Subversive: A lot of your music tends to be centered around women—including ones I know personally. Care to elaborate on any of that?

Josey: Michael (bassist) and I write from personal experience. So you know that revolves around girls and girlfriends and ex-girlfriends. There’re a lot of problems with him and I, and the women we tend to involve ourselves with. The song, Machete, is about this girl I was involved with on and off in Santa Cruz when I was living there. It was one of the worst, most poisonous and toxic relationships I’ve ever been in. She would go back and forth between me and the bass player from a really (really) popular pop-punk band from Walnut Creek. She knew him and went out with him, and she’s always used that as leverage against me for some fucked up reason to get under my skin. He was doing what I want to do except on a much higher and more popular level, both musically and in terms of popularity.

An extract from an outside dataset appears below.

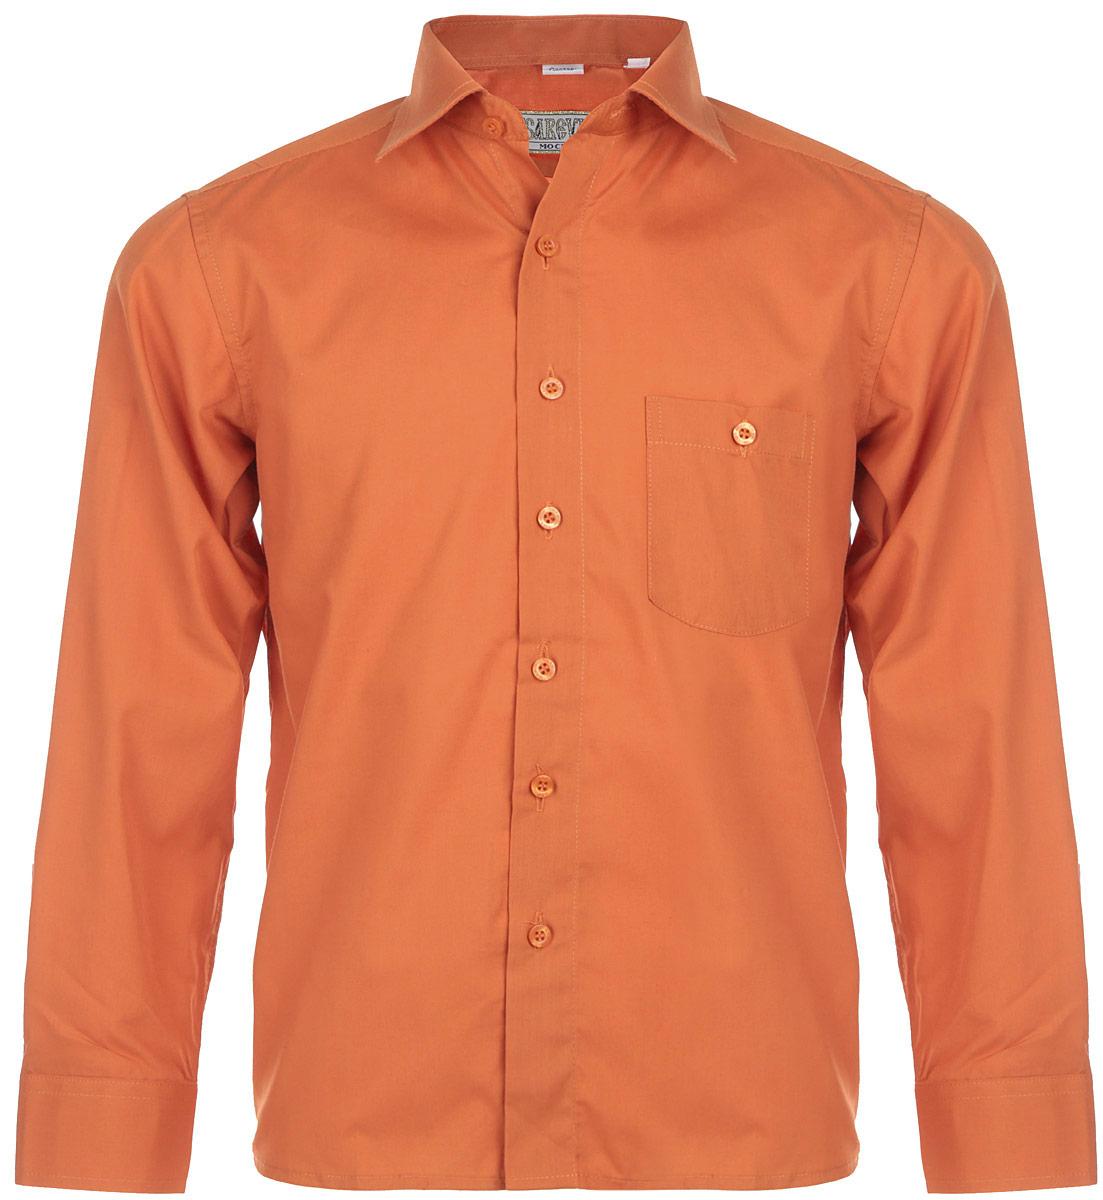 Рубашка для мальчика Tsarevich, цвет: темно-оранжевый. KR-68. Размер 30/128-134, 7-8 летKR-68Стильная рубашка для мальчика Tsarevich идеально подойдет вашему юному мужчине. Изготовленная из хлопка с добавлением полиэстера, она мягкая и приятная на ощупь, не сковывает движения и позволяет коже дышать, не раздражает даже самую нежную и чувствительную кожу ребенка, обеспечивая ему наибольший комфорт. Модель классического кроя с длинными рукавами и отложным воротничком застегивается по всей длине на пуговицы. На груди располагается накладной карман на пуговице. Края рукавов дополнены широкими манжетами на пуговицах. Такая рубашка будет прекрасно смотреться с брюками и джинсами. Она станет неотъемлемой частью детского гардероба.

Subversive: Did she say she likes you better? Maybe “Fuck an Apology”?

Josey: Yeah, according to her. I always make the joke, “Come on, he plays bass and I’m the guitar player.”

Subversive: So that aside, what’s next for you?

Josey: Well we’ve written the whole, brand new record and then some. So right now, we’re currently gigging every week, making money, and we got to make the executive decision of either buying a van for touring or recording this next record. I think we’re going to go with the van to be able to go on tour this summer again. We’re going to go South, down into the the more southern states and hit Arizona, Texas, Louisiana, Alabama, and fucking Florida and then come back and then finish up a new record by the end of the year.

Subversive: Sounds ambitious. Let’s leave to make last call!